UBS rates CTC Media a “buy” with a 12-month price target of $16 a share, according to client note released yesterday.
Ad Sales ‘Relief’
Podolsky became interim CEO after the company lost Kudryashov to mobile-phone provider VimpelCom Ltd. in December. CTC is interested in new media and Internet assets as that is where growth in advertising is the greatest, he said. Internet ad spending climbed the most of all advertising in Russia last year, expanding 56 percent, according to the Association of Communication Agencies of Russia.
“It’s a relief that they have sold 80 percent of their 2012 advertising inventories, because there had been some concerns that their ad contracts were delayed,” Iouli Matevossov a senior analyst at Alfa Bank in Moscow said by phone. He rates the stock “overweight” with a target price at $17 per share.
CTC’s average daily share of television viewers of four years and older rose to 7.7 percent in the week to Feb. 19, from 7.3 percent the week earlier, according to data released by TNS-Global on Feb. 27. Renaissance Capital reiterated its “buy” recommendation on the stock yesterday.
Russia ETF Drops
The Market Vectors Russia ETF, a U.S.-traded fund that holds Russian shares, fell 0.3 percent to $33.21 yesterday. The fund has gained 25 percent this year, compared with a 7.5 percent advance in the same period a year ago. The RTS Volatility Index, which measures expected swings in the index futures, declined 0.7 percent to 32.35 yesterday.
Oil futures rose today after falling for a second day yesterday. Crude oil for April delivery gained 0.3 percent to $106.88 a barrel. The contracts slipped 1.9 percent to $106.55 a barrel yesterday on the New York Mercantile Exchange. Brent oil for April settlement dropped 2.1 percent to $121.55 a barrel on the ICE Futures Europe exchange. Urals crude, Russia’s chief export blend, dropped 1.8 percent to $120.39.
American depositary receipts of OAO Lukoil, Russia’s biggest independent crude producer, fell 0.5 percent to $63.52 in New York yesterday, boosting the premium over its shares traded on Moscow’s Micex to 0.5 percent, the most since Feb. 16. Lukoil fell 1.8 percent to 1,833.40 rubles, or $63.29, on the Micex yesterday.
United Co.
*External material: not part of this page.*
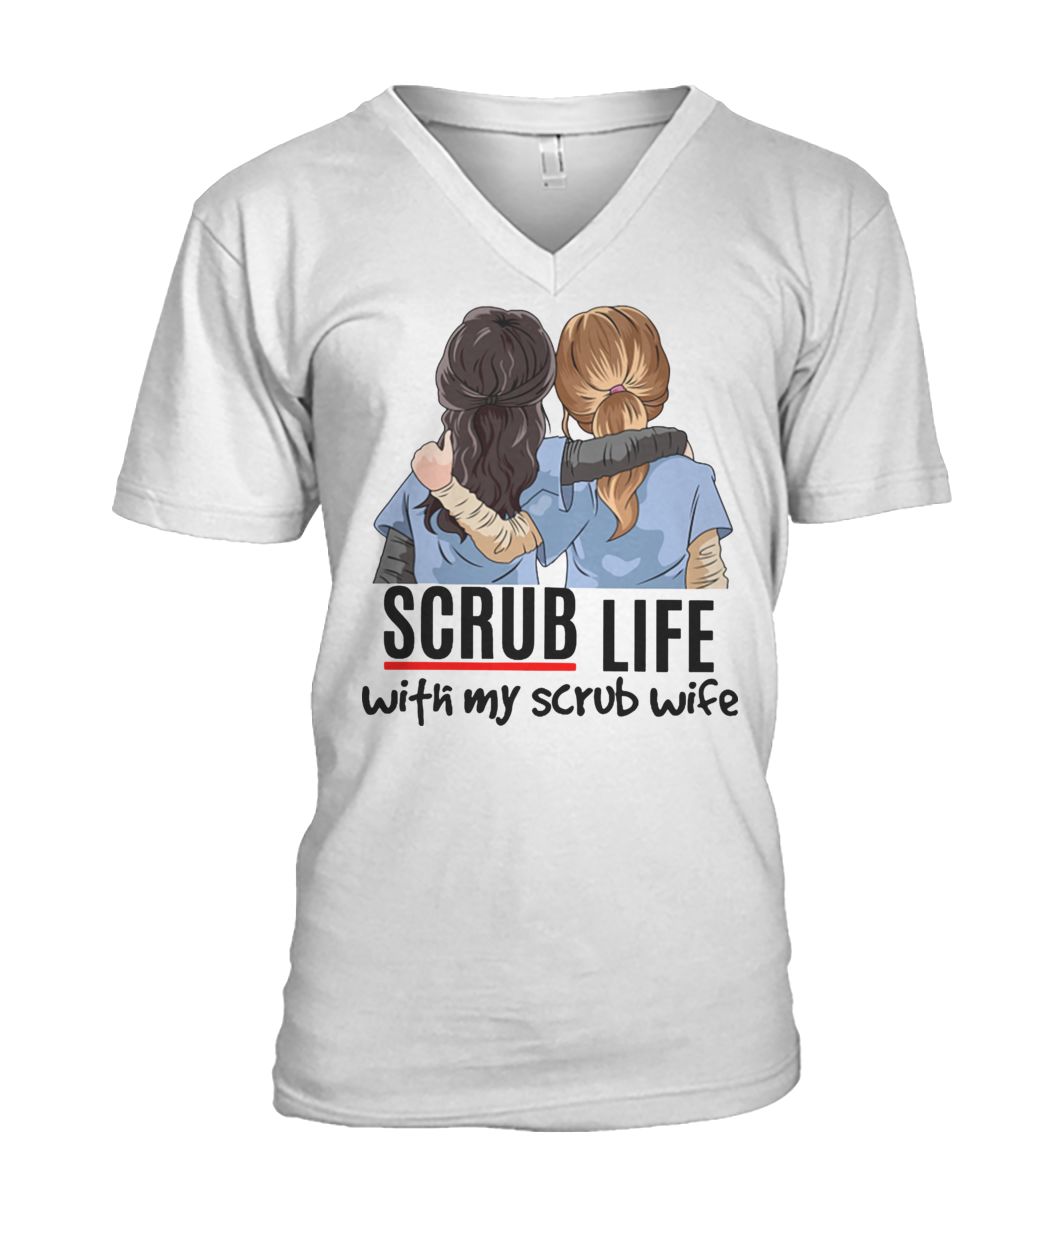 Nurse scrub life with my scrub wife mens v-neck

Rusal, the world’s largest aluminum producer, rose 2.7 percent to HK$6.84 in Hong Kong trading as of 11:32 a.m. local time. The MSCI Asia Pacific Index climbed 1.1 percent today after data showed factory output in Japan and South Korea gained. The MSCI gauge has risen 20 percent from its low on Oct. 5, meeting the definition of a bull market.
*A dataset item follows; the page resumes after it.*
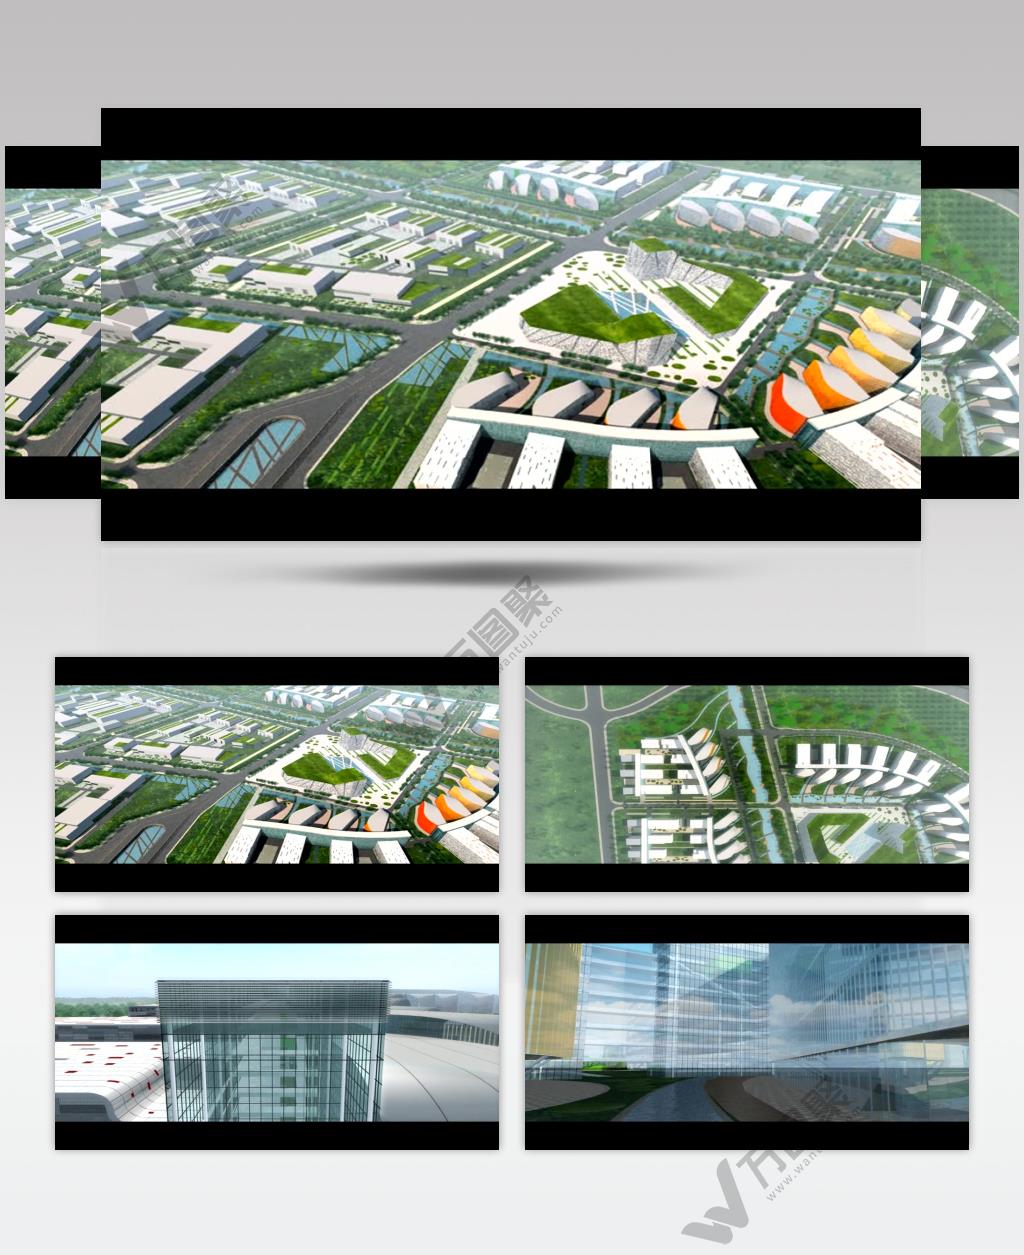 36 中石油科技产业园国际投标竞赛 北京院+As三建维建筑动画地产动画

The 30-stock Micex slipped 1.2 percent to 1,574.10 in Moscow yesterday, the biggest drop since Feb. 22 and reducing its gain this month to 4 percent. The RTS slid 1.2 percent to 1,708.16.
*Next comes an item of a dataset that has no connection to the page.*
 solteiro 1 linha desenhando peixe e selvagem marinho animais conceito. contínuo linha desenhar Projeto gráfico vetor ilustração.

The Micex has strengthened 12 percent in 2012 and trades at 6.2 times analysts’ earnings estimates for member companies. That compares with a 16 percent advance for Brazil’s Bovespa Index, which trades at 11 times estimated earnings, according to data compiled by Bloomberg. The Shanghai Composite Index trades at 10 times estimated earnings, and the BSE India Sensitive Index has a ratio of 16.